California is at it again—potentially expanding federal law regarding cosmetic labeling and animal testing. Introduced on February 15, 2018, Assembly Bill 2775 and Senate Bill 1249 seek to expand federal law. AB 2775, if enacted, would require “professional cosmetics” to be labeled in a manner similar to cosmetics intended to be sold to consumers. SB 1249, if enacted, would make it unlawful to sell cosmetics in California if the finished product or any component was tested on animals.
Under current California law and federal law, an ingredient list must be readily viewable at the point of purchase on the outer package of any cosmetic sold to consumers. There is not a similar requirement for cosmetics intended to be sold to professionals only.
If enacted in its current form, AB 2775, introduced by California Assembly Member Kalra, would require a professional cosmetic manufactured on or after July 1, 2020, for sale in California, to have a label affixed on the container that satisfies all of the labeling requirements for any other cosmetic sold to consumers as required under federal law.
The stated purpose of the bill is to make available information of the ingredients in professional salon products—“ensuring that workers and owners can make safer product choices and take steps to protect themselves and their customers against harmful exposures.” It is stated in the Bill that the state of California has 312,000+ licensed cosmetologist, 129,000+ licensed manicurists, and almost 53,000 licensed salon businesses, many of which provide manicure services, and that most are of reproductive age and, therefore particularly “vulnerable to chemical exposures.” Moreover, it is “estimated that as many as 59 to 80 percent of manicurists in California are Vietnamese immigrants, many with limited English skills.”
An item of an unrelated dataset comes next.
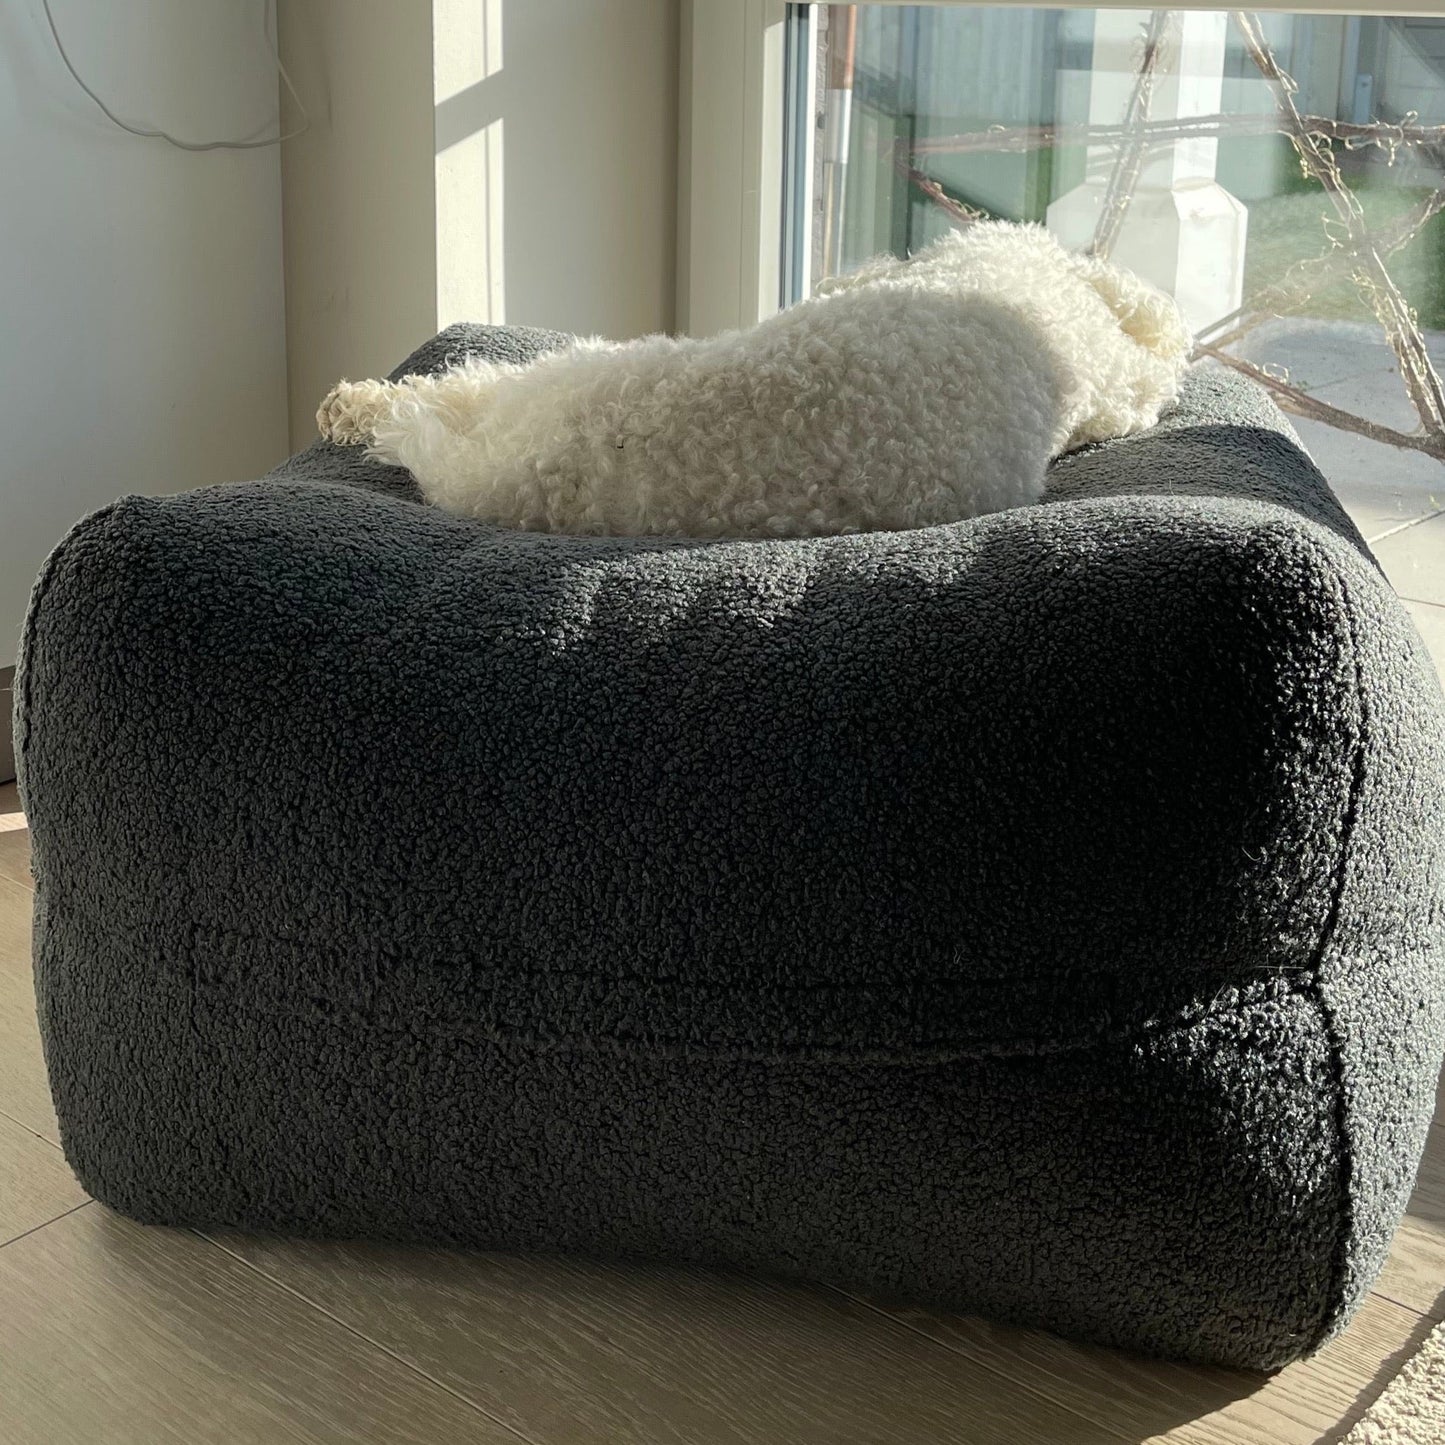 Dozzy Dog Bed – Teddystoff Anthrazit

The bill defines “Professional” as “a person that has been granted a license by the State Board of Barbering and Cosmetology to practice in the field of cosmetology, nail care, barbering, or esthetics.” “Professional cosmetic” is defined as a cosmetic “intended or marketed to be used only by a professional on account of a specific ingredient, increased concentration of an ingredient, or other quality that requires safe handling, or is otherwise used by a professional.”
SB 1249, introduced by California Senator Galgiani, would make it unlawful for any cosmetic manufacturer to knowingly import for profit, sell at retail, or offer for sale at retail in California, any cosmetic, if the final product or any component thereof was developed or manufactured using animal testing after January 1, 2020. The bill provides for a up to $500 for the first violation and up to $1,000 for each subsequent violation. Notably, the bill does not apply to a cosmetic, or any component of the cosmetic, tested on animals before January 1, 2020.
SB 1249 would expand existing California law that prohibits manufacturers and contract testing facilities located in California from using traditional animal testing methods when an appropriate alternative test method has been scientifically validated and recommended by the InterAgency Coordinating Committee for the Validation of Alternative Methods (ICCVAM) or other specified agencies.